Why Japanese Killifish are Calling the ISS ‘Home’
Tuesday, August 21st, 2012
by AJ Plunkett
The Medaka, or Japanese killifish, have the distinction of being the first vertebrates to mate and reproduce in space. If that weren’t enough, soon they will be answering the call of science again, producing offspring onboard the International Space Station in an experiment examining how radiation and microgravity in space affect multiple generations of a species.
To do so, a popular freshwater fish, the Medaka, will be kept in a special space aquarium recently delivered to the ISS aboard an unmanned Japanese cargo ship.
The experiment is one of several that Japanese scientists have designed to examine how spending long periods in the microgravity of space can impact bone degradation, muscle atrophy, and biological development.
The findings could lead to improvements in health care on Earth, “especially for the aging society,” Nobuyoshi Fujimoto told NASA recently. Fujimoto is Associate Senior Engineer for the Space Environment Utilization Center of the Japanese Aerospace Exploration Agency, often referred to as ‘JAXA’.
While the aim of the experiments is to improve health on Earth, scientists hope the findings will also help researchers design radiation shielding for spacecraft intended for long-term space exploration.
Why the Medaka?
The Medaka are considered to be the best specimens to use in these experiments, in part because they are transparent, which allows for easier viewing of their internal organs, and in part because they breed so easily and quickly in microgravity.
Scientists are hoping for the fish to produce at least three sets of offspring during the 90-day experiment. Multiple generations will be “a first for fish in space,” Fujimoto said.

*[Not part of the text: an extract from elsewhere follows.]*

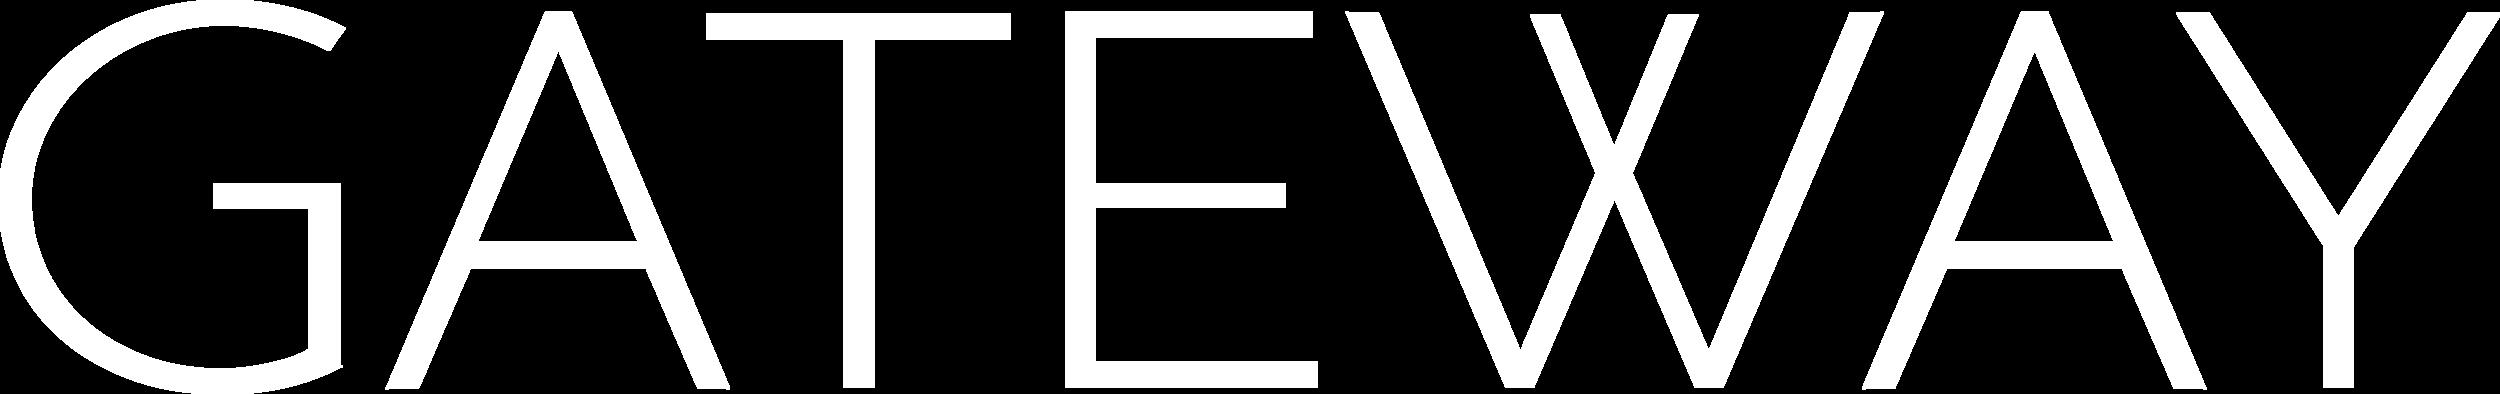 logo-white_trans.png
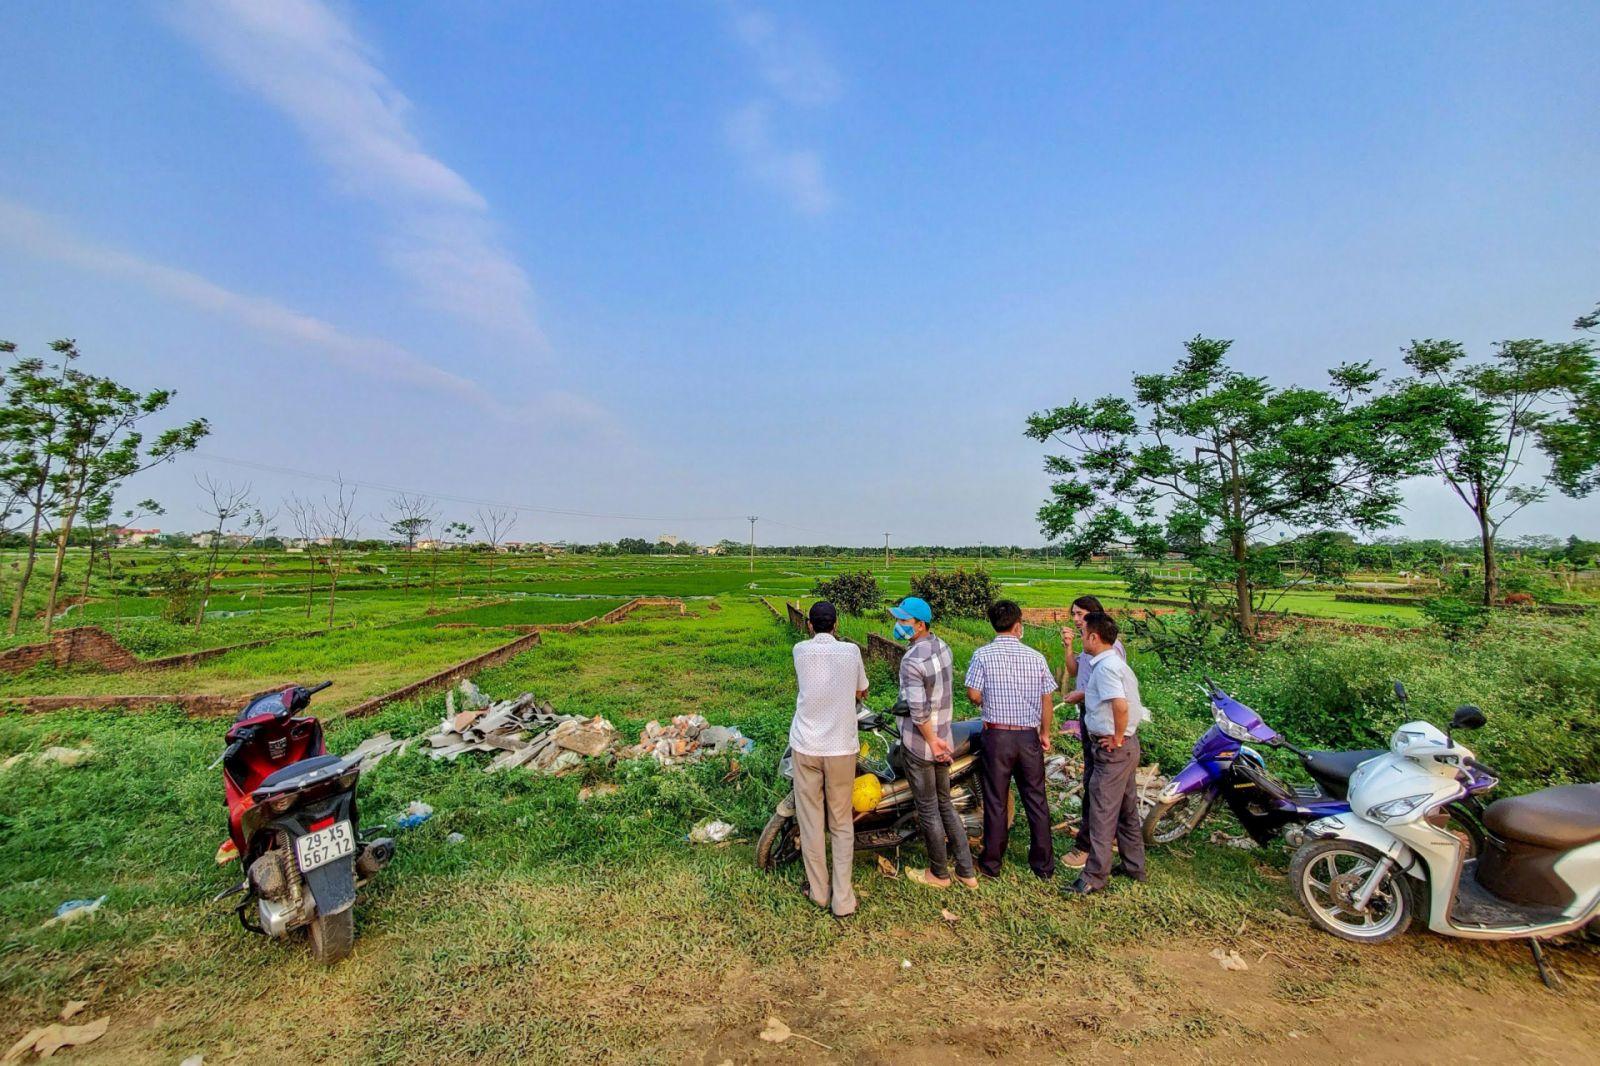 Đu theo thông tin quy hoạch chưa chính thống, nhiều người thậm chí đã mua bán cả đất nông nghiệp

Researchers will look for genetic mutations that might occur among the offspring, and will also mate male fish just returned from space with females kept on Earth to see how the space environment might have affected sperm.
The Medaka, or Oryzias latipes, are also ideal for this type of experiment because scientists already have the entire Medaka genome identified, making it easier to spot mutations.
And, apparently, they just handle space really well. Other trips into space have shown that certain strains of Medaka don’t get space sick like other fish.
(Yes, fish do get seasick and space sick, just like humans, because both share a remarkably similar inner-ear structure. Humans get sick in space because it’s hard for the brain to tell the inner ear which way is up — in microgravity there is no up. Fish just show it a different way: they swim in circles.)
The Aquatic Habitat feature two habitation chambers, automatic feeding, temperature control, LED lights to simulate day and night cycles, and a “stabilized area for oxygen that will enable fish to ‘peck’ air,” according to NASA information.
The aquarium was delivered aboard the Kounotori 3, the third unmanned cargo craft that Japan has sent up to the space station. It was snagged out of orbit and brought into dock by astronaut Akihiko Hoshide using the Space Station’s Canadarm. (Hoshide was the first JAXA astronaut to use the robotic arm.)
The fish will be housed in the largest of the experiment modules on the ISS, the Kibo Laboratory, which was one of the last modules of the Space Station installed. It was included in the project, in part, because of Japan’s success with various fish experiments aboard the Space Shuttle. Among the types of fish used in those experiments? Yep, you guessed it, the Medaka.
AJ Plunkett is a freelance writer in Virginia with experience in covering defense and aerospace industries as well as the military. AJ blogs via Contently.com.